Tell us about that photo gallery which Janno contemplates so often.
I found all remote farmhouses from the region have that kind of family portrait gallery on the walls, it is a refrain from loneliness, a comfort. Every farmer wants to look up and feel that his family has been there for three centuries. It is a way of saying “we belong to this land, look at all the souls who came before us...” Which community do I belong to? Which land do I belong to? These questions form part of the main themes in the film. Today, not to belong to a place or community is a common thing, as we hear and read everyday about stories of immigrants, refugees and exiles. As the South African government mulls over the idea of telling the Afrikaners that they don’t belong there, that they should give back their land, it shows that the very idea of belonging is evolving and that is part of the story. As for Janno, the pictures on the wall are not a comfort, they are a weight against which he pushes. He is moving towards a new Africa, a new sense of place that has not been discovered by the older generations.

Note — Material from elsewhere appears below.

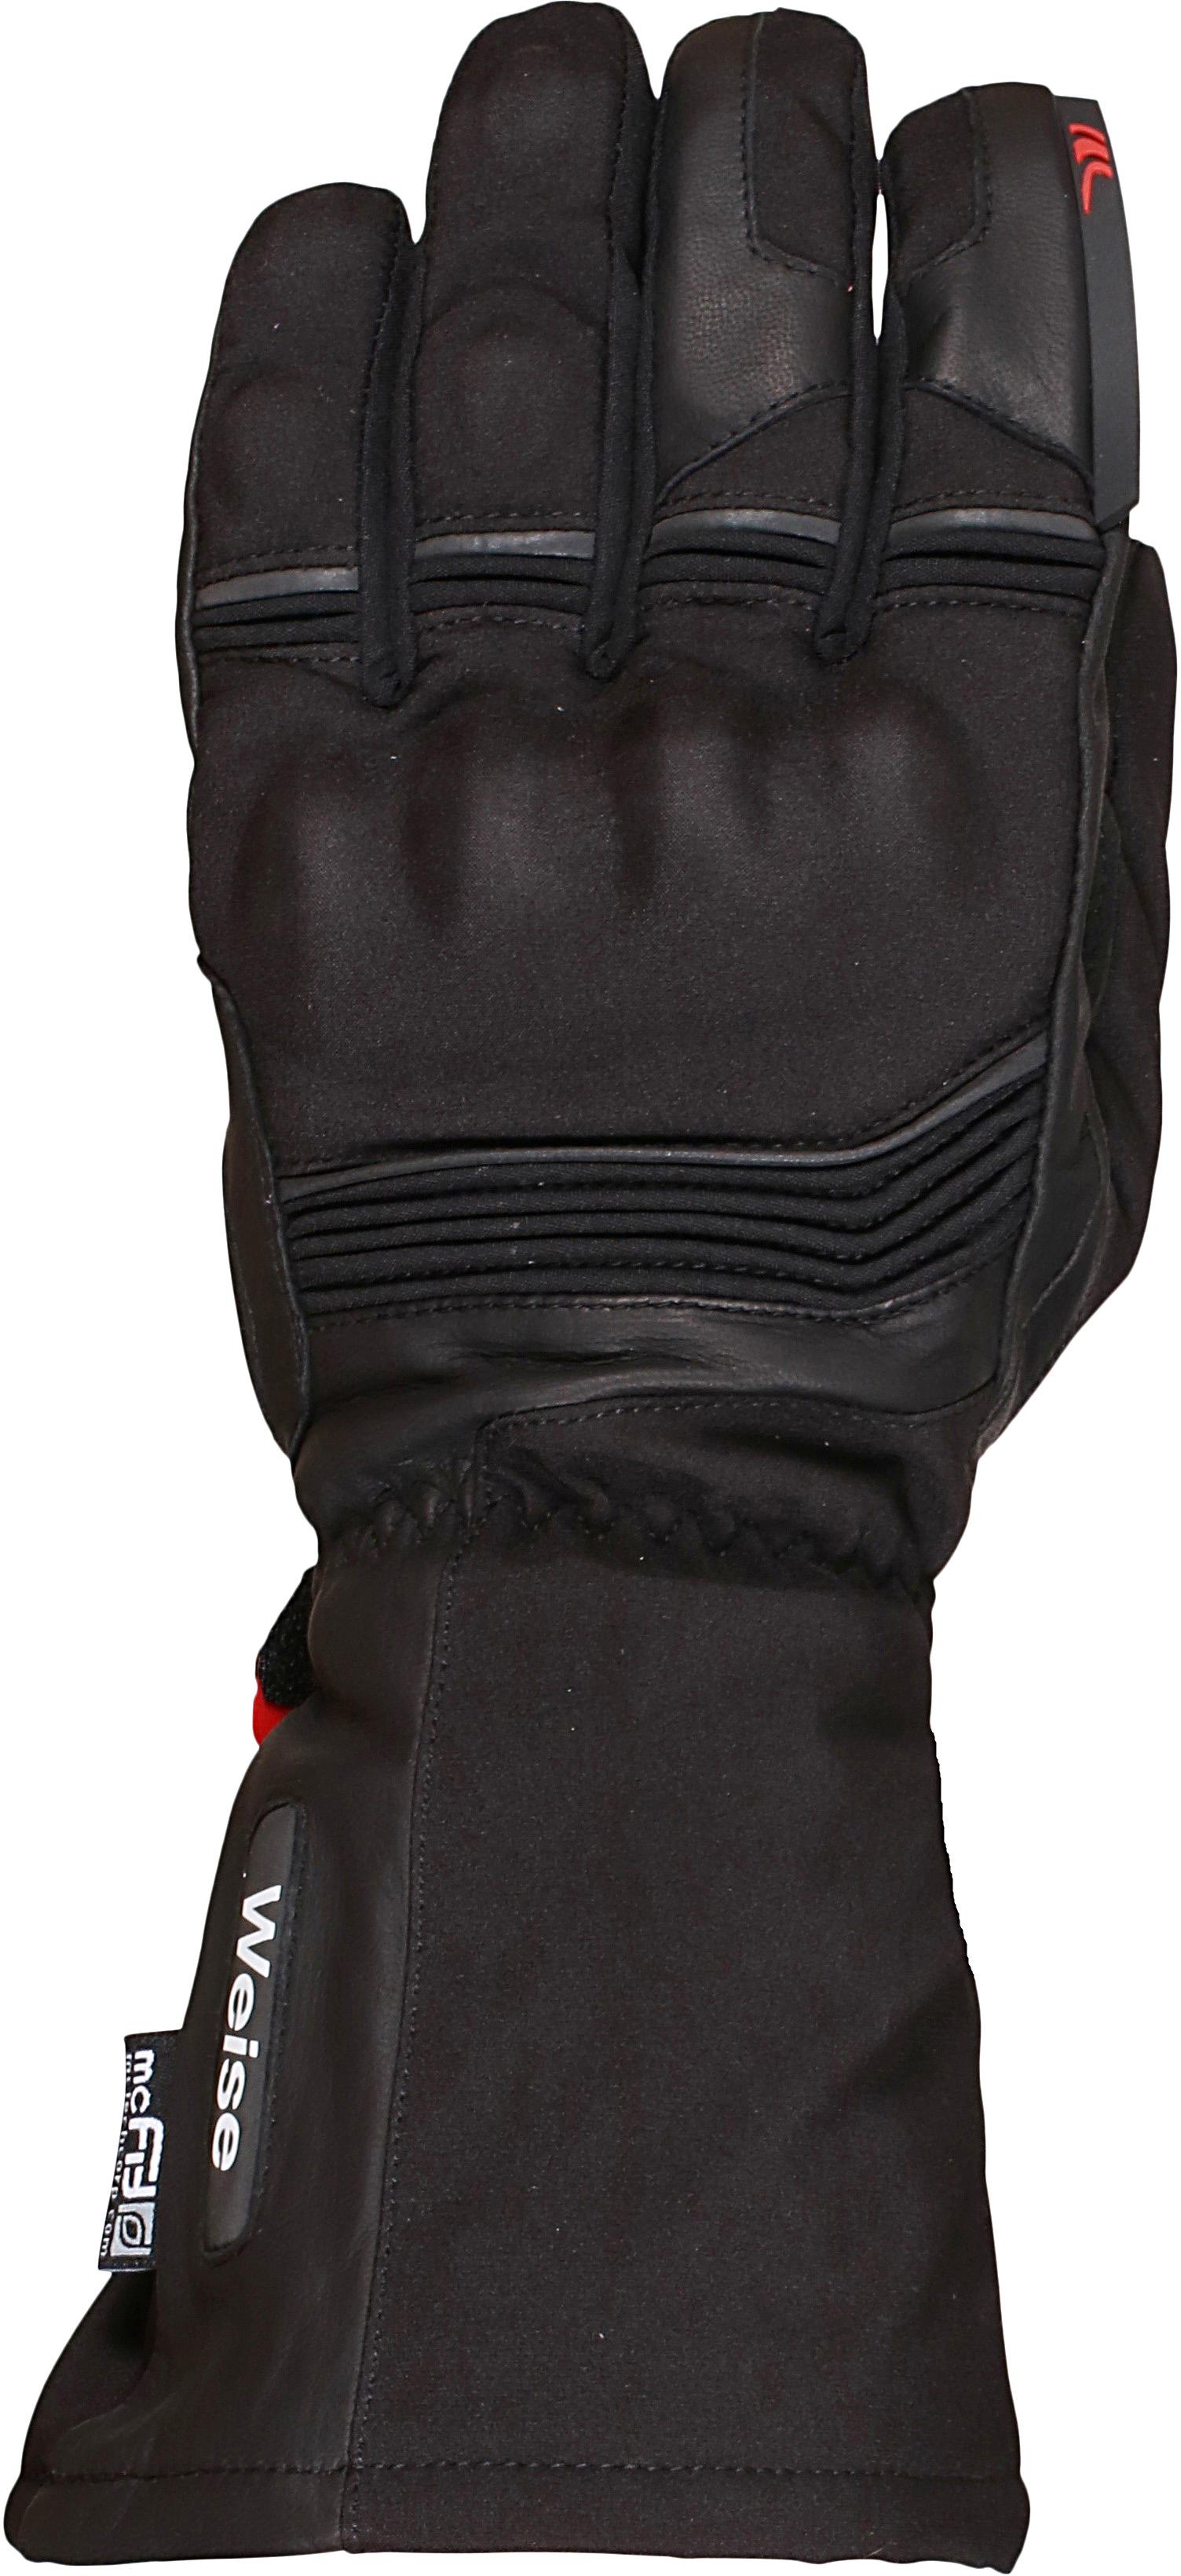 Weise Montana 150 Motorcycle Gloves - Black, Xl

How did you work on the image of the film?
I lured Michal Englert, a fantastic Polish cinematographer, with photographs of the Free State that I had taken during my years of road trips. He came early to South Africa so that we could criss-cross the area together and brainstorm. I also watched a bunch of classic Polish films, some of them with religious motifs, like Jerzy Kawalerowicz’s Mother Joan of the Angels, so that I could understand his cultural point of view. Before the shoot we made a shot list and storyboarded some scenes. I didn’t want the image to transform the landscapes – they are already unique and beautiful, for instance it was always a dream of mine to shoot at Sterkfontein Dam, the artificial lake where we staged the rugby and fishing scenes. Michal is also so great at hand-held camera work, so we begin with static shots and gradually transform into hand-held as Janno shifts and unravels and finally the film returns to static frames as a way of coming full circle. The nightclub scene is amazing, it offers a kind of dreamlike breathing space... I see it as almost the future of South Africa: On my travels I was surprised to find that every farm town on the border between Free State and KwaZulu-Natal had a small Chinatown area, immigrants coming in through neighbouring Lesotho. They don’t care to speak English or try to be white, but rather speak Zulu or Sotho. A ‘shebeen’ is an African nightclub and I thought how great it would be to create a ‘Chinese shebeen’, they don’t exist yet but they will. Yes, the scene has a dreamlike feel, but to me the whole film is dreamlike, like a feverish chamber play. Or, say, cathartic.
Like a Greek tragedy?
Yes, a few years ago I visited the island of Rhodes with my mother, and attended a live performance of a Greek tragedy for the first time. It was Iphigenia in Tauris. I was struck by the intensity of the acting, Iphigenia came onto stage crying and was hysterical from start to finish! That Greek style of sustained intensity is very exciting to me, it impacted how I chose to tell the story of The Harvesters. Still, at heart I am African and so I always knew I had to make my first feature film in my country, to make a film in South Africa about South Africa, even though the next will probably take place in the United States, where I live now.